Colpevoli. Ci sono voluti quasi 17 anni, ma c’è un punto fermo adesso. Il boss dei casalesi Bidognetti e il suo avvocato volevano minacciare lo scrittore Roberto Saviano e la giornalista Rosaria Capacchione. Un minuto, la presidente del collegio, Cristina Scipioni, legge la sentenza e l’autore di Gomorra cede: abbraccia il suo legale e scoppia in lacrime.
Singhiozza lo scrittore appena la Corte d’appello di Roma conferma la sentenza di primo grado per Francesco Bidognetti (1 anno e mezzo) e per l’avvocato Michele Santonastaso, (1 anno e 2 mesi) accusati di aver intimidito quelle due firme autorevoli, una minaccia aggravata dal metodo mafioso.”La vittoria resta agli atti, ma la mia vita è stata maciullata, me l’hanno rubata e io non sono stato capace di gestire questa cosa. Ora il mio corpo dovrà essere presidiato, c’era chi per anni ha detto che non avevo bisogno della scorta”.

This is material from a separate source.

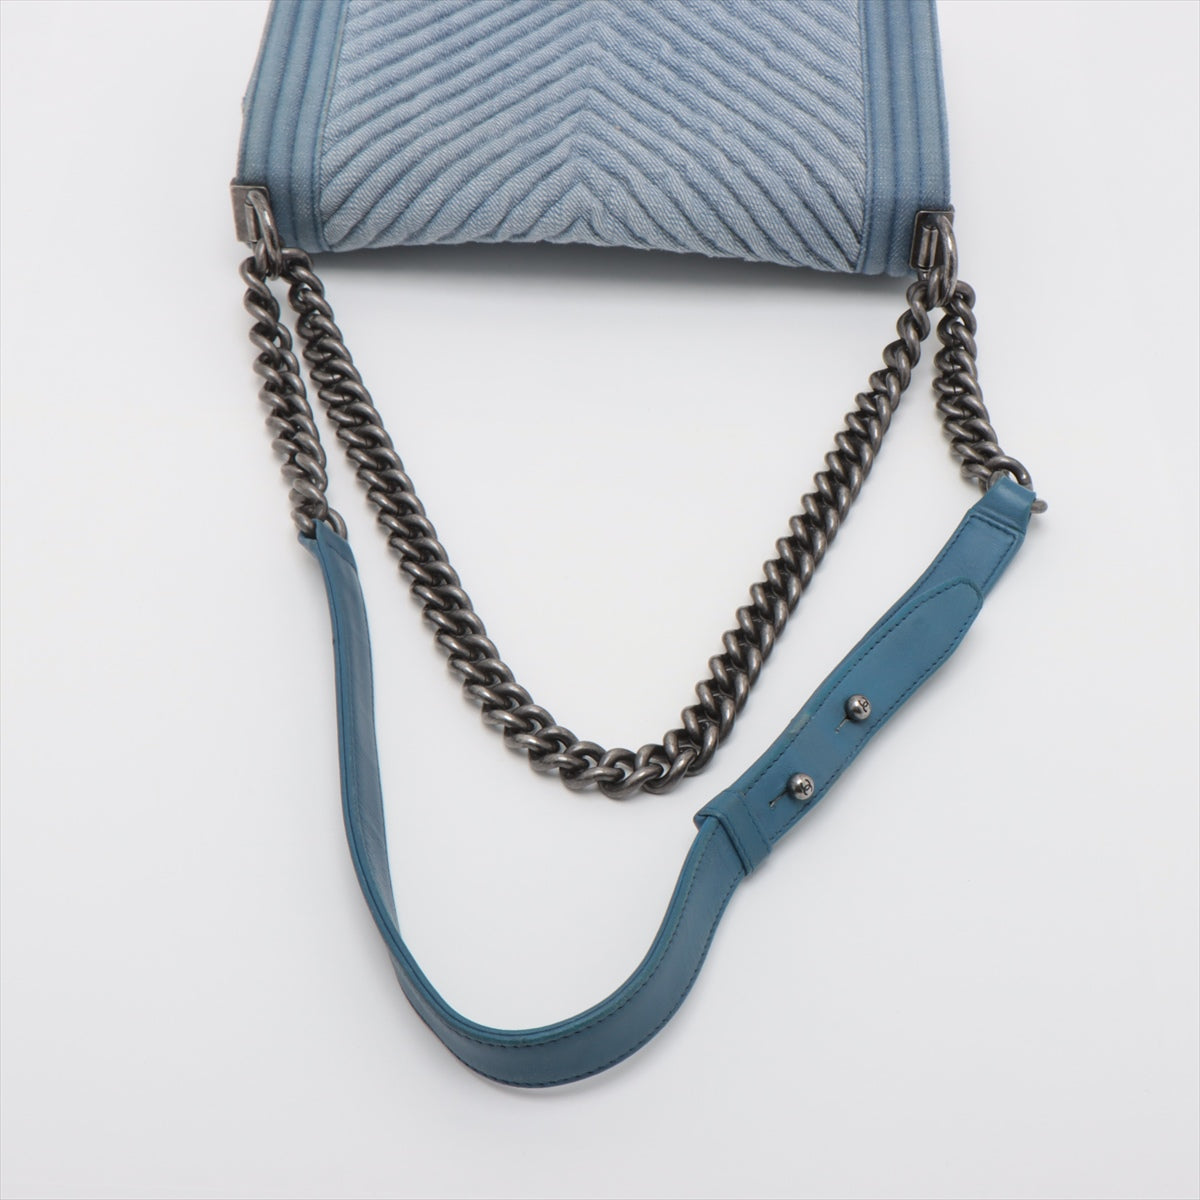 Chanel Boy Chanel Denim Chain shoulder bag Blue Gunmetallic hardware 20XXXXXX

Confermata condanna a Bidognetti, che minacciò Saviano e Capacchione: lo scrittore in lacrime
Al centro di un processo durato troppo, la lettera di ricusazione dei giudici del maxi processo Spartacus, voluta dal capoclan e dal suo legale, che fu letta in aula il 13 marzo 2008.
”Sedici anni di processo non sono una vittoria per nessuno ma ho la dimostrazione che la camorra in un’aula di tribunale, pubblicamente ha dato la sua interpretazione: che è l’informazione a mettergli paura”, commenta Saviano, ancora provato.. “Ora abbiamo la prova ufficiale in questo secondo grado che dei boss con i loro avvocati firmarono un appello in cui – sottolinea Saviano – misero nel mirino chi raccontava il potere criminale. E non attaccarono la politica ma il giornalismo insinuando che avrebbero ritenuto i giornalisti, e fu fatto il mio nome e quello di Rosaria Capacchione, i responsabili delle loro condanne. Non era mai successo in un’aula del tribunale, in nessuna parte del mondo”.